White-nosed coatis are small carnivores related to raccoons, but in many ways act more like monkeys.  They have an unusual social structure: females are gregarious, living in bands that can contain dozens of animals, but males are solitary.  Primarily found in tropical rain forests, they also eke out a living in the deserts of southeast Arizona.  The results of a 9-year study of the species at the northernmost limit of its geographic range have just been published (McColgin, ME, JL Koprowski and PM Waser. 2017. White-nosed coatis in Arizona: tropical carnivores in a temperate environment. Journal of Mammalogy 99: 64-74. ). 
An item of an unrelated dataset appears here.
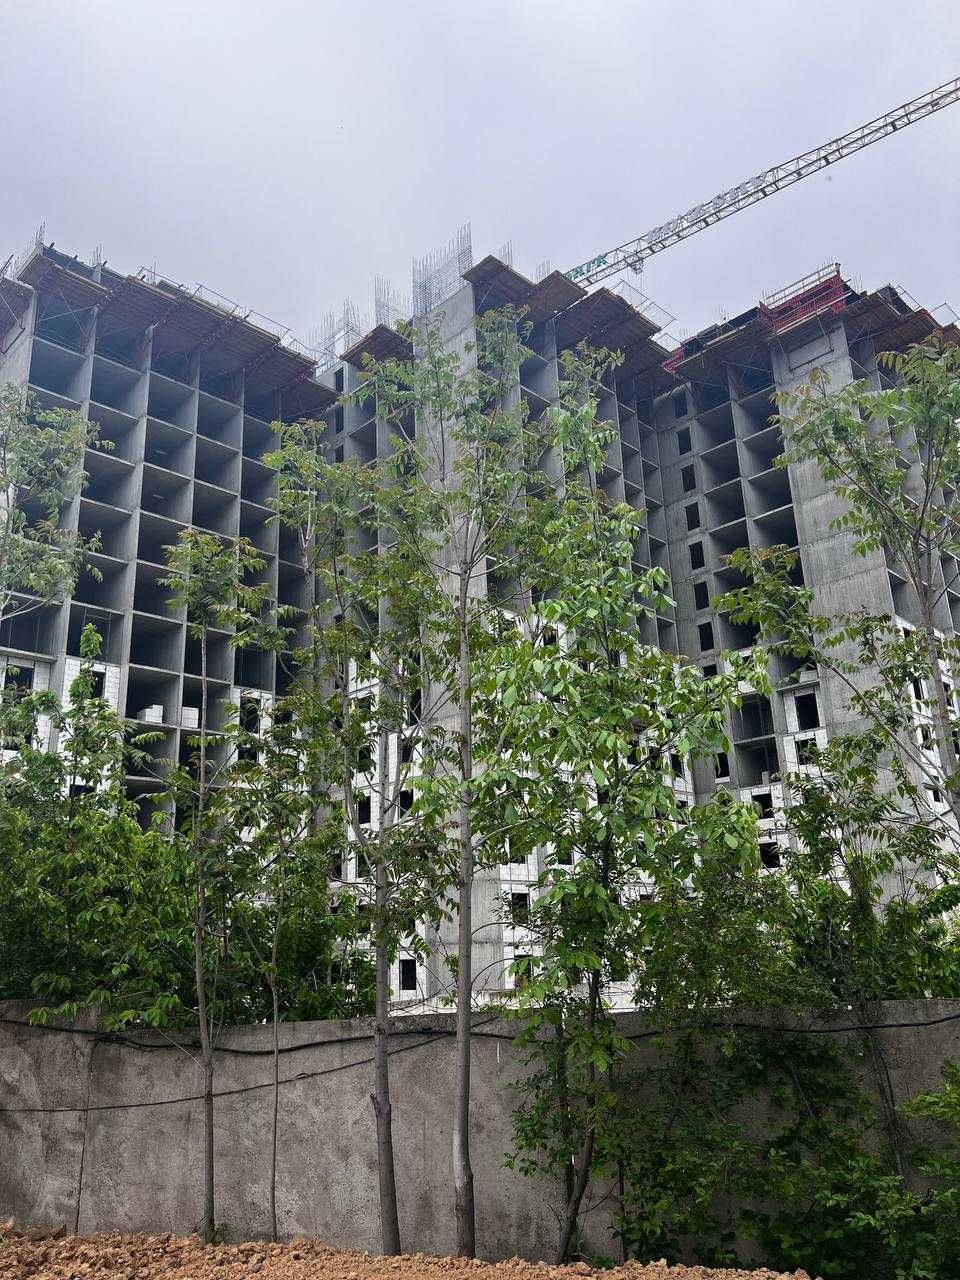 1-комнатные квартиры в строящемся ЖК на Юнусабаде сдаем под ключ (GBK)

In Chiricahua National Monument, there are as few as 1 animal per 10 km2 – only 1% of the density they attain in tropical Panama.  Bands are small and animals must travel long distances each day to find food and water.  Moreover, separate bands sometimes fuse into large aggregations centered around scarce waterholes.  Nevertheless, radiotracking and genetic analyses show that they maintain the species-typical social structure, young females growing up and staying in their mothers’ bands, but young males striking out on their own.  Core patterns of sociality are constant in both resource-rich tropical and resource-poor temperate populations, but coatis make major adjustments in scale of movement and frequency of association in response to resource variation.